If there is ever a reputation system (which I am not advocating for) that is based on number of observations or ID’s it throws that off.

kiwifergus · March 6, 2019, 6:55am

I think Tony has a valid point, We are not getting an accurate count of what is present, because we largely only have “presence” data anyway. Unless someone was specifically counting EVERY occurrence, the abundance can’t really be gauged. It’s the same thing as far as common species, so many people are ticking lifelist boxes, so it is the rare and unusual stuff that gets obs, not the common ho-hum stuff…

colinpurrington · March 6, 2019, 11:30am

I think one downside is that duplicates drain time and patience of people who ID on iNaturalist. If there wasn’t a (growing?) backlog of unidentified observations I don’t think duplicate observations would be as much of a problem. I also see a problem in that some IDers might scale back or stop their IDing efforts after a certain level of frustration (duplicates being just one source of that frustration). I know that I’ve hit that Level 9 of frustration a few times when I’ve spent 10 mins researching an ID for a stranger only to discover that they’d submitted the same pic twice.

rfoster · March 7, 2019, 10:09am

When the RG data are harvested by databases such as the Atlas of Living Australia (and no doubt others) they show up as multiple records for that locality, so can skew analyses. The canny user of the data will probably detect that they are dups and exclude them but many won’t. It just seems more sensible to clean the data at the source so that only one RG record of the observation is exported out of iNat and save downstream users the hassle.

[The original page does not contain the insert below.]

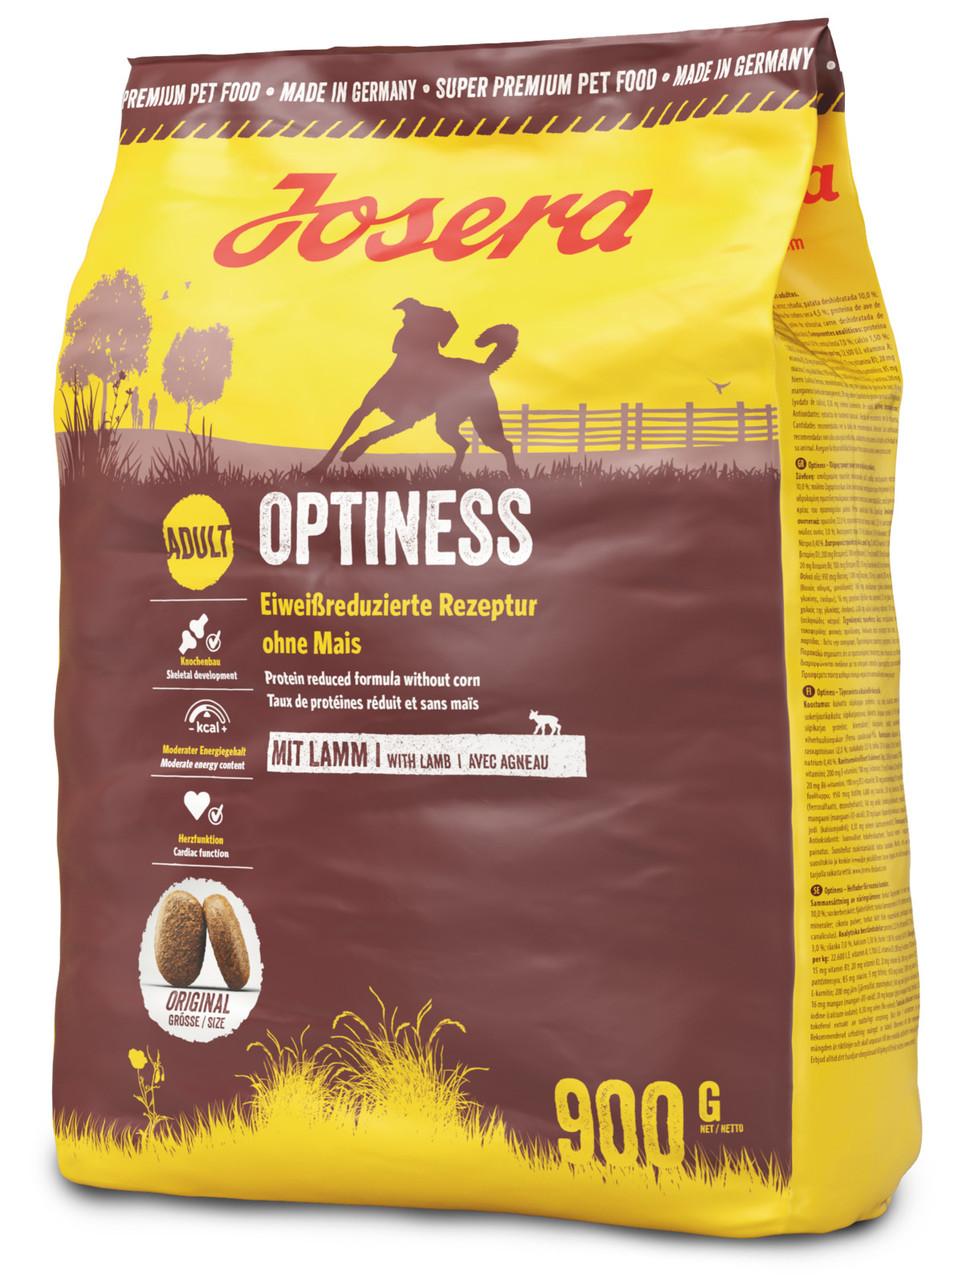 b9f053124243f9 Йозера Оптинес Josera Optiness корм для взрослых собак без кукурузы с  ягненком 900 г

JeremyHussell · March 7, 2019, 5:47pm

iNat data is already so thoroughly biased as to be useless for many purposes, because density of iNat observations follow human population density, because iNat observations are mostly just the things iNat observers managed to photograph, because iNat observations are often only from the rare times when an observer took a particularly good photograph (a surprising number of people are too embarrassed to upload low-quality photos), because some observers only make one observation per species so they can build a life-list, and probably a lot more reasons I don’t know about. If you want easy-to-analyze data, you need a regular sample/survey method, both spatially and temporally. “Research Grade” is a misleading label for most observations, unless all you’re attempting to research is presence at particular times and places. And for that, duplicates aren’t a problem.

In summary: attempting to use iNat data to work out abundance or even trends will inevitably produce very skewed results, so removing “Research Grade” from duplicate observations won’t noticeably improve results for researchers.

(And researchers really, really need to be warned that analyzing iNat observations to attempt to figure out abundance, density, or population is a waste of time, if they’re aiming at finding and sharing true information in addition to publishing a paper or completing a thesis. These days, thanks to computers, analyzing data is a lot easier than collecting useful data, and iNat can’t be used as a shortcut to skip the hard part. eBird, maybe.)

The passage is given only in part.